In regards to your episode entitled The rise of E-cigarettes: Helping to quit or encouraging to smoke? as always, you have managed to find the wedge in the issue.
I was once a smoker, a 37 year smoker with periodic attempts to quit along the way. Patches, gums, hypnosis, groups and worse of all the SSRIs known as Champix and Zyban. How these last two received Health Canadas approvals is beyond me. Only the love of my family prevented a disaster with those drugs. In fact how any of them received approvals is beyond any comprehension. How can something with less than a 5% success rate be regarded as effective?
File:Smoking cessation-West&Shiffman.png - Wikipedia, the free encyclopedia
I am now 1 year, 7 months and 20 days off of cigarettes thanks to e-cigs WITH NICOTINE. This is the key to its success for the non-rehabilitative smokers. That is my problem, Im addicted to a substance that is available at every corner store but the smoking version of getting my fix also delivered 4000 plus poisonous chemicals, whereas vaping delivers next to none. Its not the nicotine that kills you its the burning of a cigarette. (
FAQ: Nicotine (tobaccoharmreduction.org)) The European Society of Cardiologists have published that electronic cigarettes do not damage the heart. (
ESC | About the ESC | ESC Press Office | ESC Press Releases | Electronic cigarettes do not damage the heart).
There is no legitimate scientific doubt that someone's risk of contracting a smoking related disease drops by at least 99% by using e-cigarettes instead of smoking. How can we ignore that? If I was Minister of Health in any province in Canada looking to save some health care dollars Id be all over this. The World Health Organization estimates that 1 billion people will die in the 21st century from smoking related illnesses. Vaping can (and will) save millions.
So, as you so well positioned your episode, there lays the quandary, helping someone like me while ensuring that we do not expand the numbers of people addicted to nicotine. Ms. Tillson of the NSRA needs to have some compassion towards those of us who are the victims of past wrongs and Dr. Priat (?) needs to go back to the science and recognize why people smoke, to get nicotine. I have gone from the strongest cigarette to, today, the smallest amount of nicotine from vapor liquid. Will I be able to quit entirely one day? Not if you take vaping away I wont.

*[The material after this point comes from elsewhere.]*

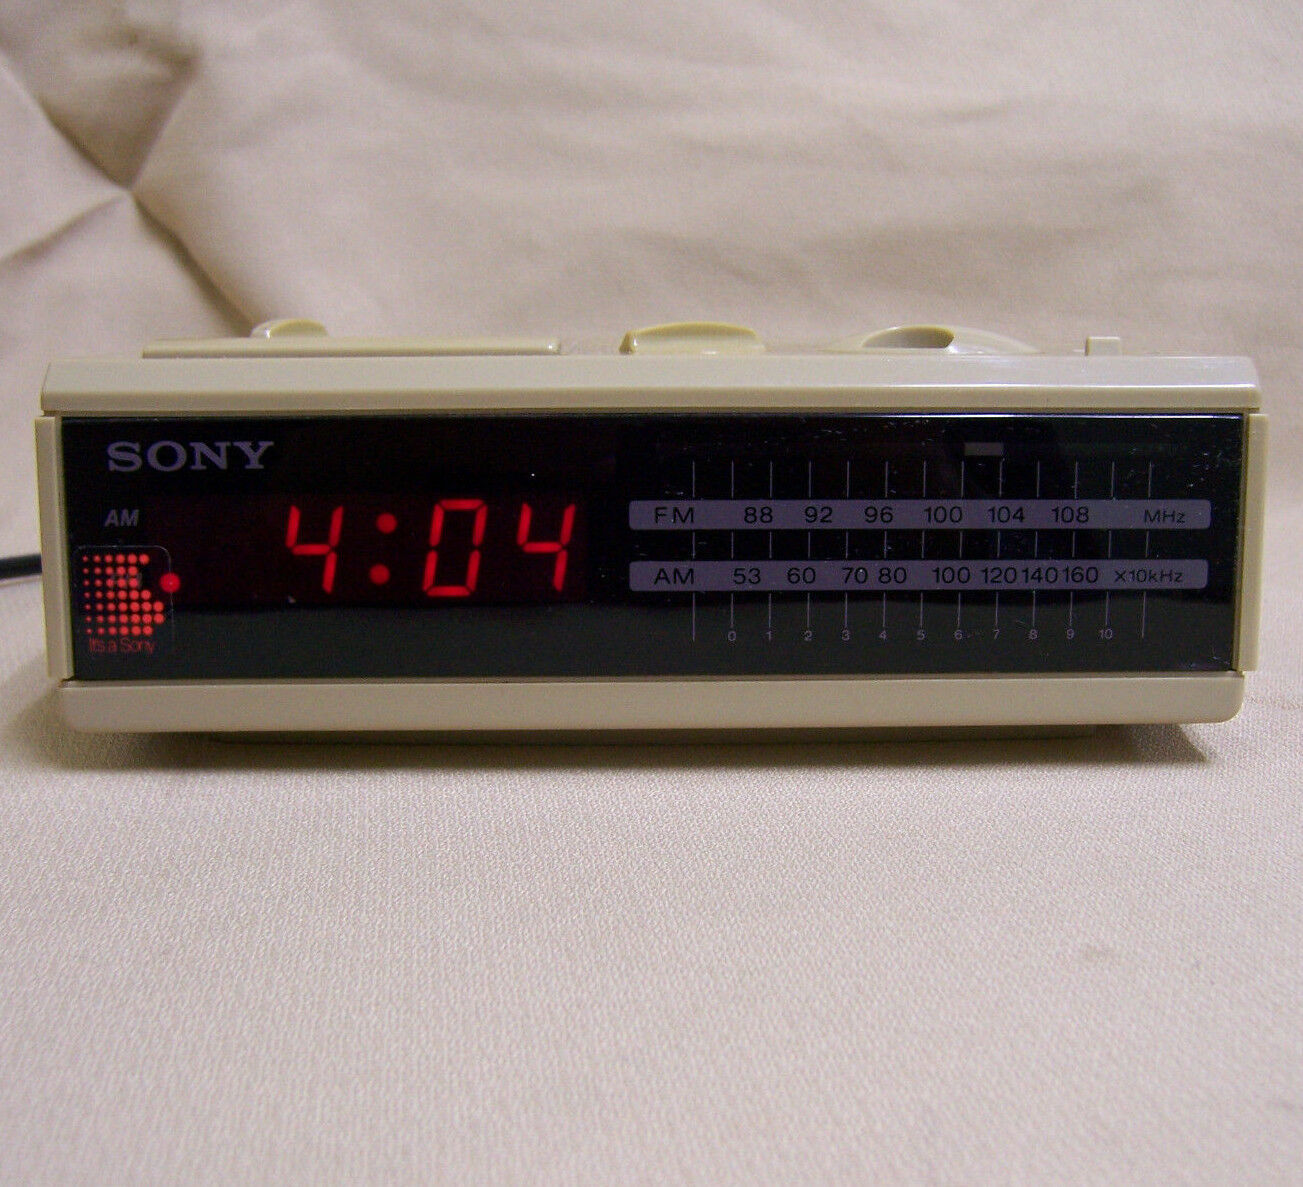 Sony Dream Machine ICF-C2W Alarm AM/FM Red LED Clock Radio Almond ivory off whit - $21.78

The points that your guests made are all very important and are of great concern to all of us but you got the nicotine part wrong. If Health Canada pursues its approval requirements for nicotine as is, no one other than big-pharma and big-tobacco have the deep pockets to get through that approval process and we have seen how well those two have done by us already. No thank-you. Push it further underground and put us all at greater risk.